Task.
Please reproduce the listing in its entirety, exactly as written, but without images.

Dataset excerpt.
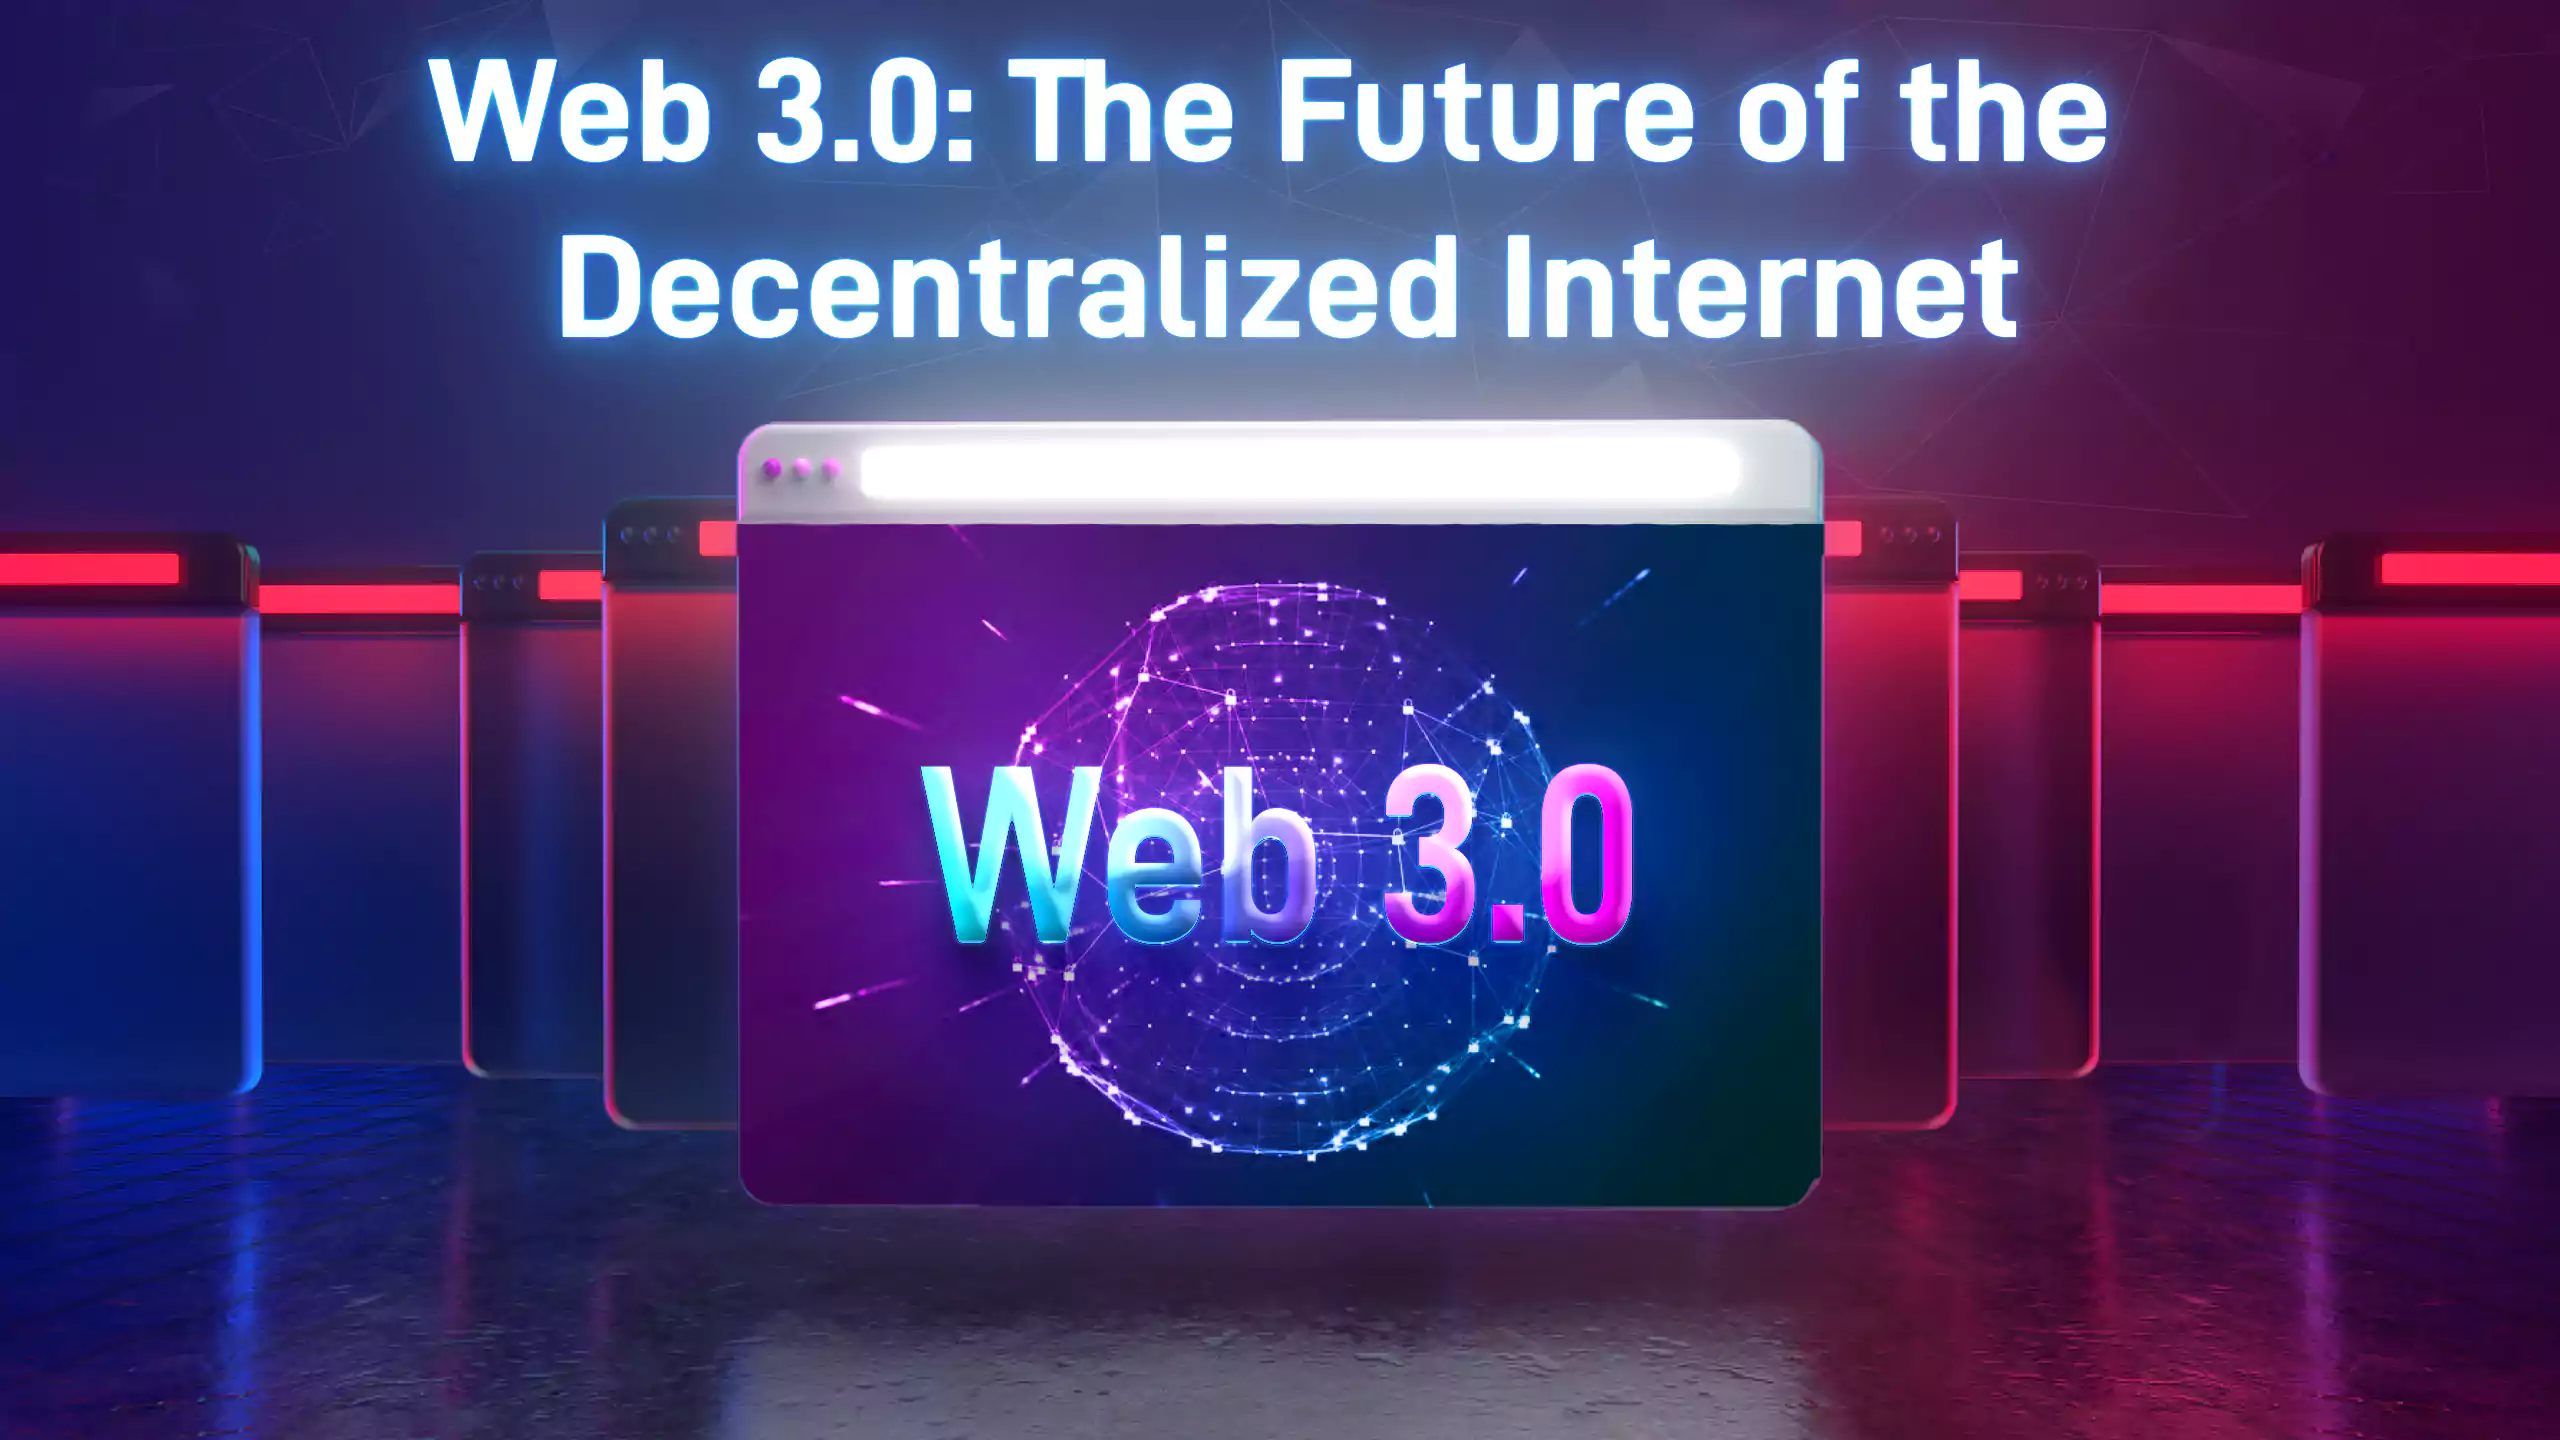 Web 3.0: The Future of the Decentralized Internet
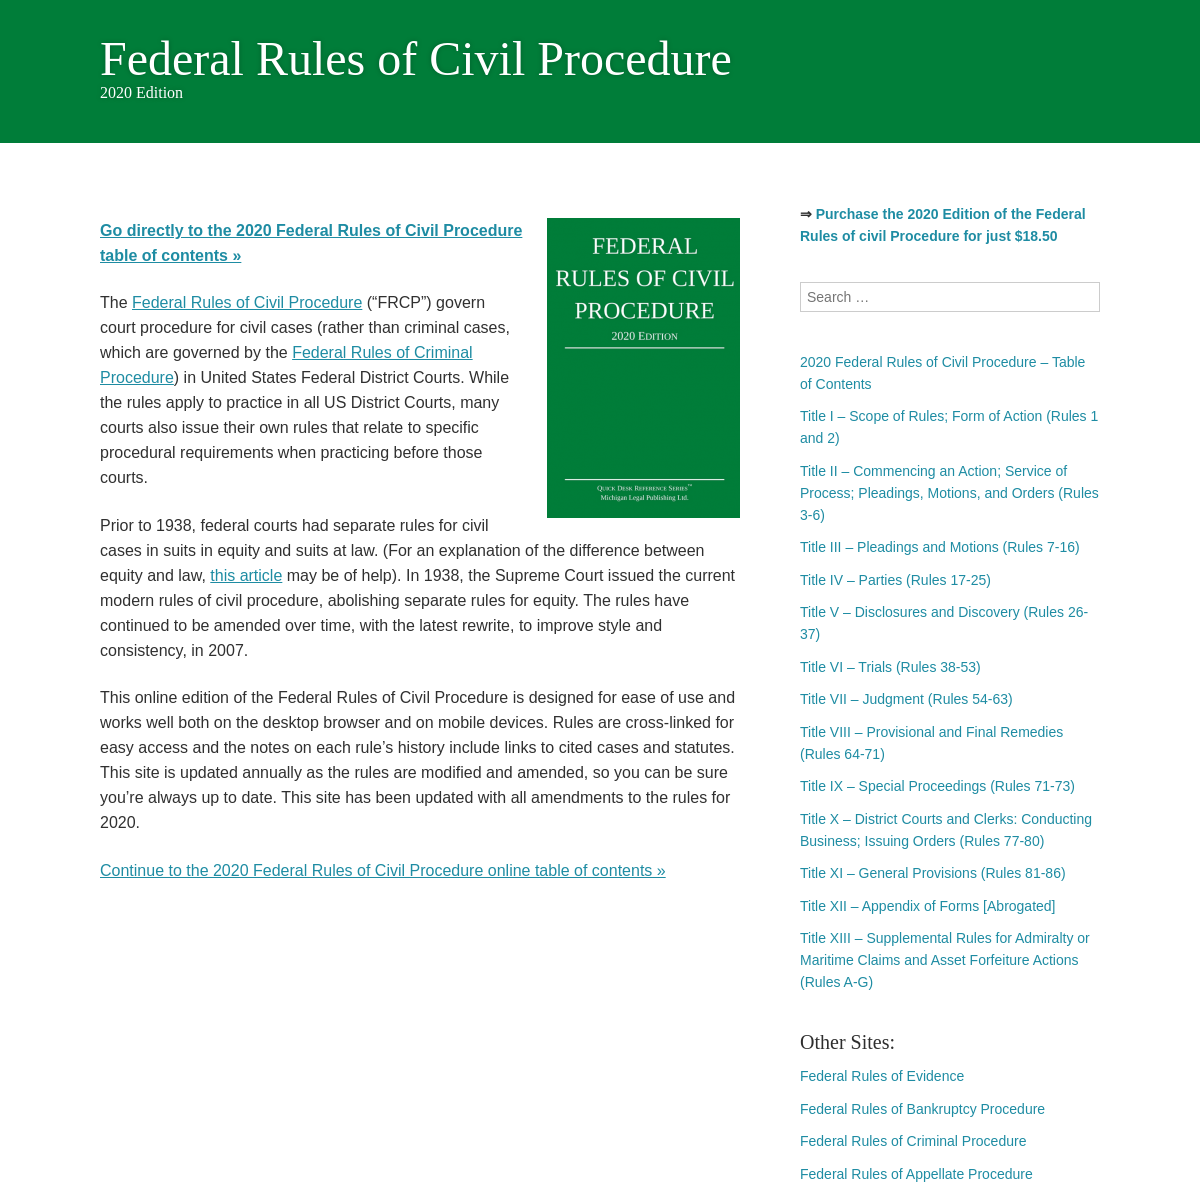 A complete backup of federalrulesofcivilprocedure.org
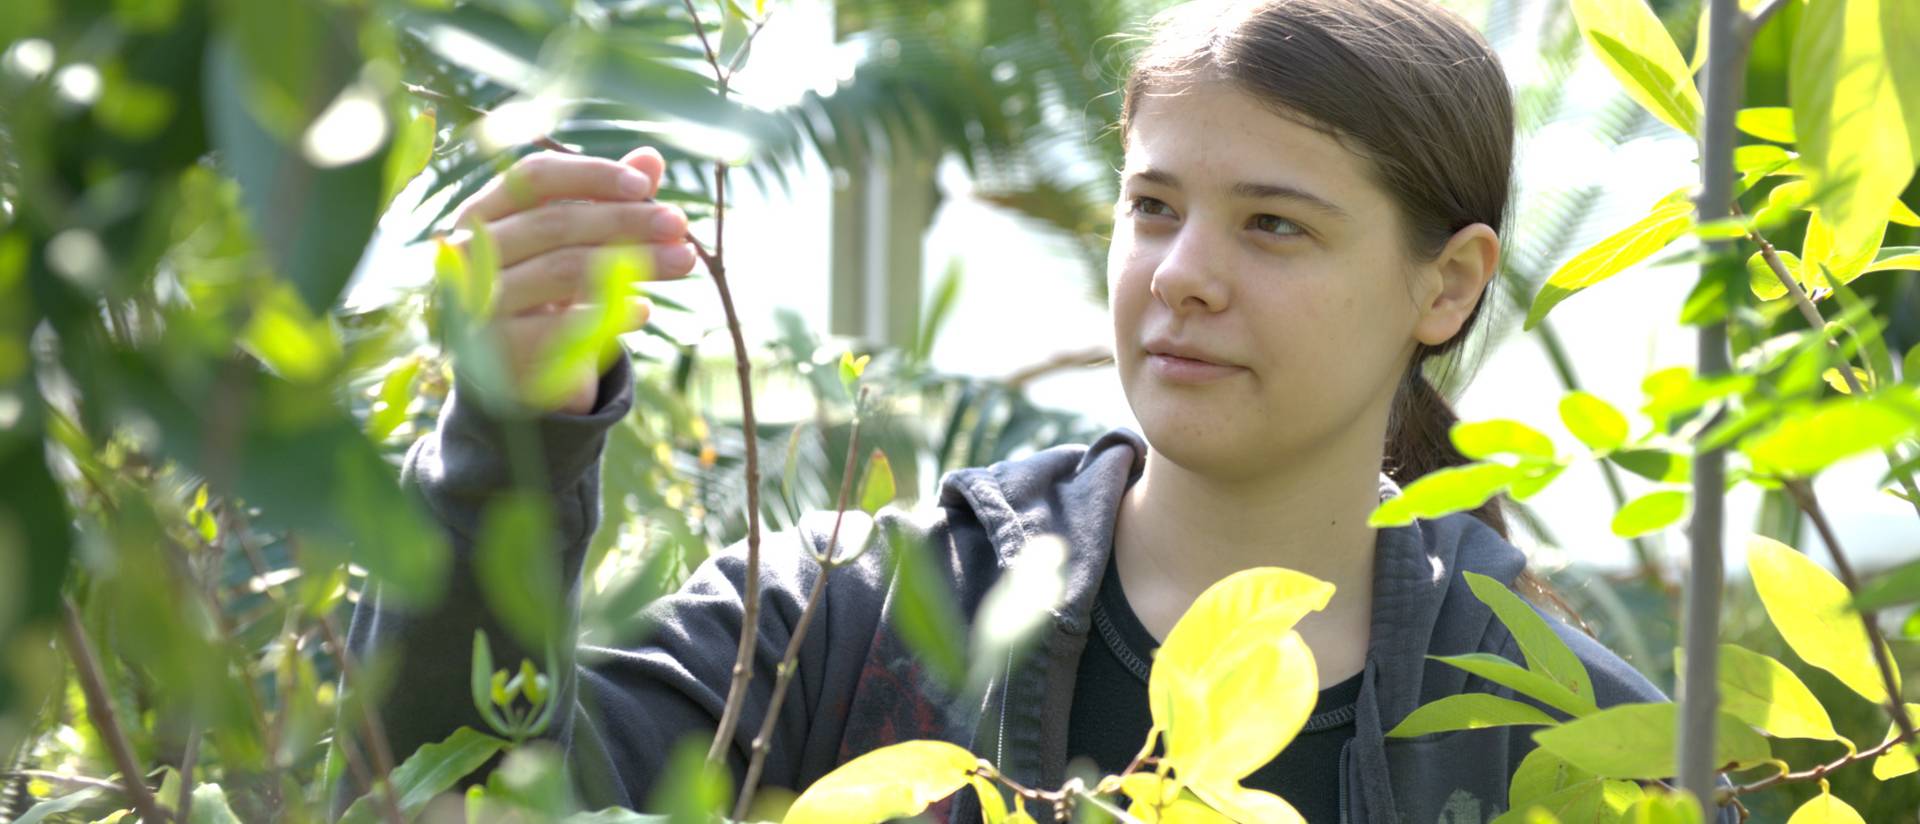 UW-Eau Claire biology student inspecting leaves on a plant in one of our three greenhouses on campus

Solution for this exercise.
 Web 3.0: The Future of the Decentralized Internet
 A complete backup of federalrulesofcivilprocedure.org
 UW-Eau Claire biology student inspecting leaves on a plant in one of our three greenhouses on campus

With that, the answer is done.